I haven’t read much about C.S. Lewis and his commentary on the political climate of his day (though I imagine there could be volumes on it). However, given the American holiday celebrating their declaration of independence from British rule, I thought I’d turn to his letters and see what I could find about his view of America (a cursory reading of them, at best).

In the third volume of his letters (1950-1963), there are a few references of interest. For example, about President Dwight Eisenhower, Lewis writes to a friend on April 4, 1953, “Let’s hope he will not pursue the line of ‘Godliness for the sake of national strength’. We can’t use God as a means to an end.”

He also writes on July 28, 1952, “Does anyone in America understand American politics?” and suggests that those who have journeyed to America for a lecture tour only pretend to be experts.
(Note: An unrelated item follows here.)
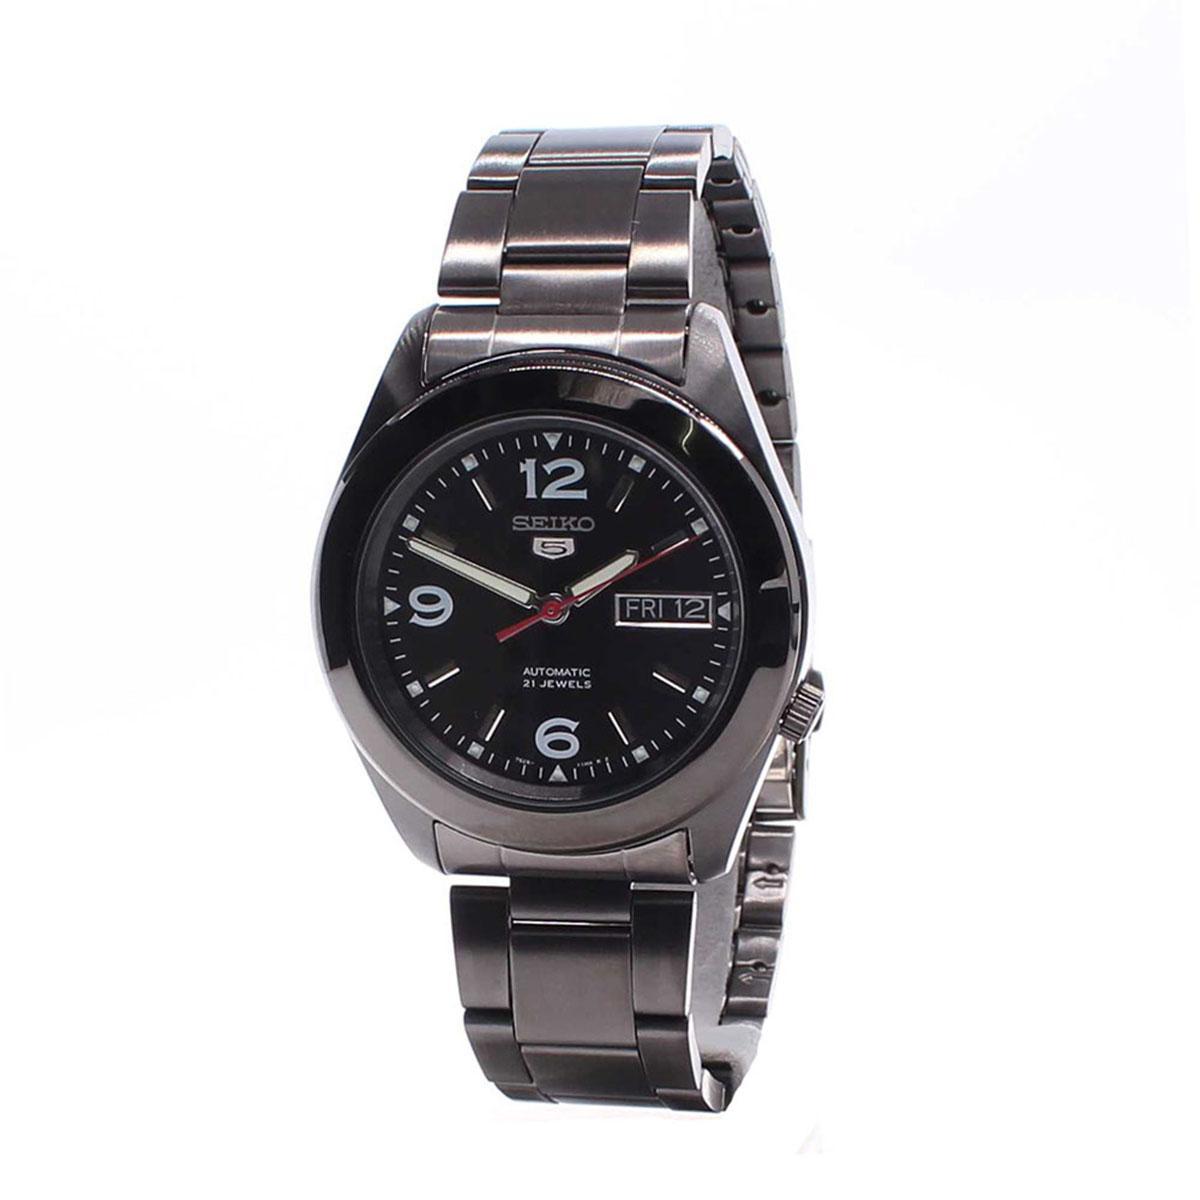 Rp 1.401.900. Seiko Seiko 5 Automatic Black Stainless-Steel Case Stainless-Steel Bracelet Mens NWT + Warranty ...

He mentions receiving a heated letter from a lady in Connecticut. “All I could gather,” he says, “was that the ‘Dumbocrats’ as she called them, are a sort of mixture of Hitler, the Russian secret police, and the inmates of the village lunatic asylum.” In what has to be dry humor, he adds that this opinion is certainly, “a little prejudiced.”
In June 1955, he writes to a friend that he is learning much about the, “tyrannies in the States,” and questions if the purpose of the Statue of Liberty facing toward the sea means she is, “turning her back on America.” “Or,” he asks, “is there a subtle connection between public democracy and domestic despotism.”
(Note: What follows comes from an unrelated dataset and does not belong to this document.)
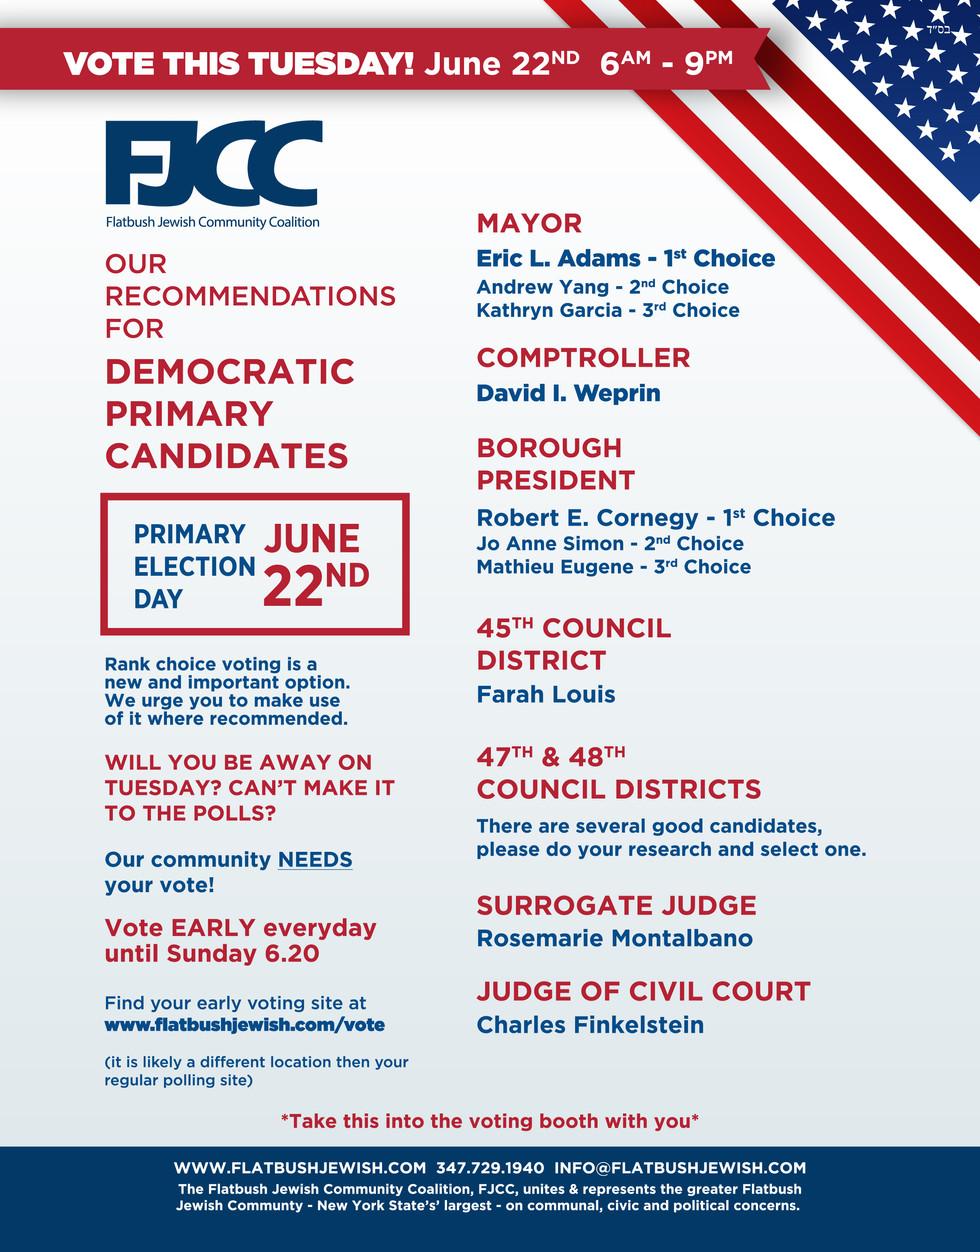 FJCC Voter Recommendations

And in a letter to Dan Tucker of the Chicago American dated December 8, 1959, he has biting words on democracy, in general.
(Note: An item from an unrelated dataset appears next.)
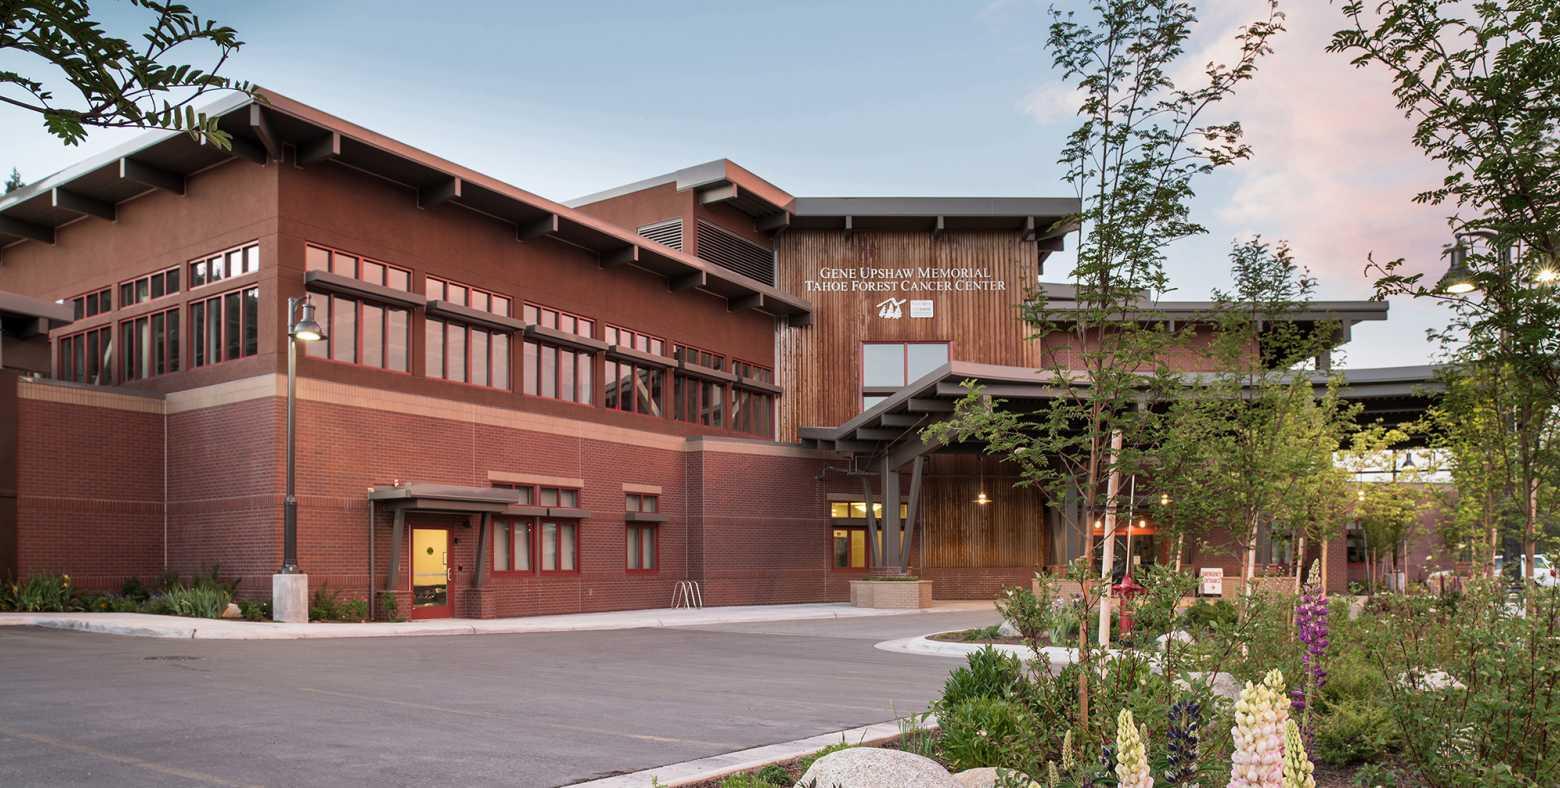 Gene Upshaw Memorial Tahoe Forest Cancer Center

A hundred years ago we all thought that Democracy was it. Neither you nor I probably think so now. It neither allows the ordinary man to control legislation nor qualifies him to do so. The real questions are imaginary issues. And this is all the easier because democracy always in the end destroys education. It did so for you sometime ago and is now doing so for us (see a speech of Screwtape’s which will soon appear in the Sat. Evening Post). I am, you see, at my wit’s end on such matters. Only a power higher than man’s can really find a way out. Odd to compare humanity’s political inefficiency with its wonderful success in the arts.

I also found the February 21, 1953 letter to the American Mary Van Deusen intriguing. She had asked a question involving Communists in the government and Lewis says that her reference raises the, “whole problem with Democracy.” He suggests that democracy is by its nature of being democratic, must therefore be open to a majority that might not be democratic at all. “If the Communists in this country can persuade the majority to sell in Russia,” he says, “or even to set up devil-worship and human sacrifice, what is the democratic reply? When we said ‘Govt. by the people’ did we only mean ‘as long as we don’t disagree with the people too much’?”

In that same letter Lewis admits he does not have any answer. However, he is clear about the Christian conviction of an “anti-God” government, as he puts it. “We shall have to disobey and be martyred,” he says. “Perhaps pure democracy is really a false ideal.”

As Lewis suggested to Dan Tucker in his letter (see above), here are a few words from Screwtape:

What I want to fix your attention on is the vast, overall movement toward the discrediting, and finally elimination, of every kind of human excellence–moral, cultural, social, or intellectual. And is it not pretty to notice how Democracy is now doing for us the work that once was done by the ancient Dictatorships, and by the same methods? … Allow no pre-eminence among your subjects. Let no man live who is wiser, or better, or more famous, or even handsomer than the mass. Cut them down to a level; all slaves, all ciphers, all nobodies. All equals. Thus Tyrants could practise, in a sense, ‘democracy’. But now ‘democracy’ can do the same work without any other tyranny than her own.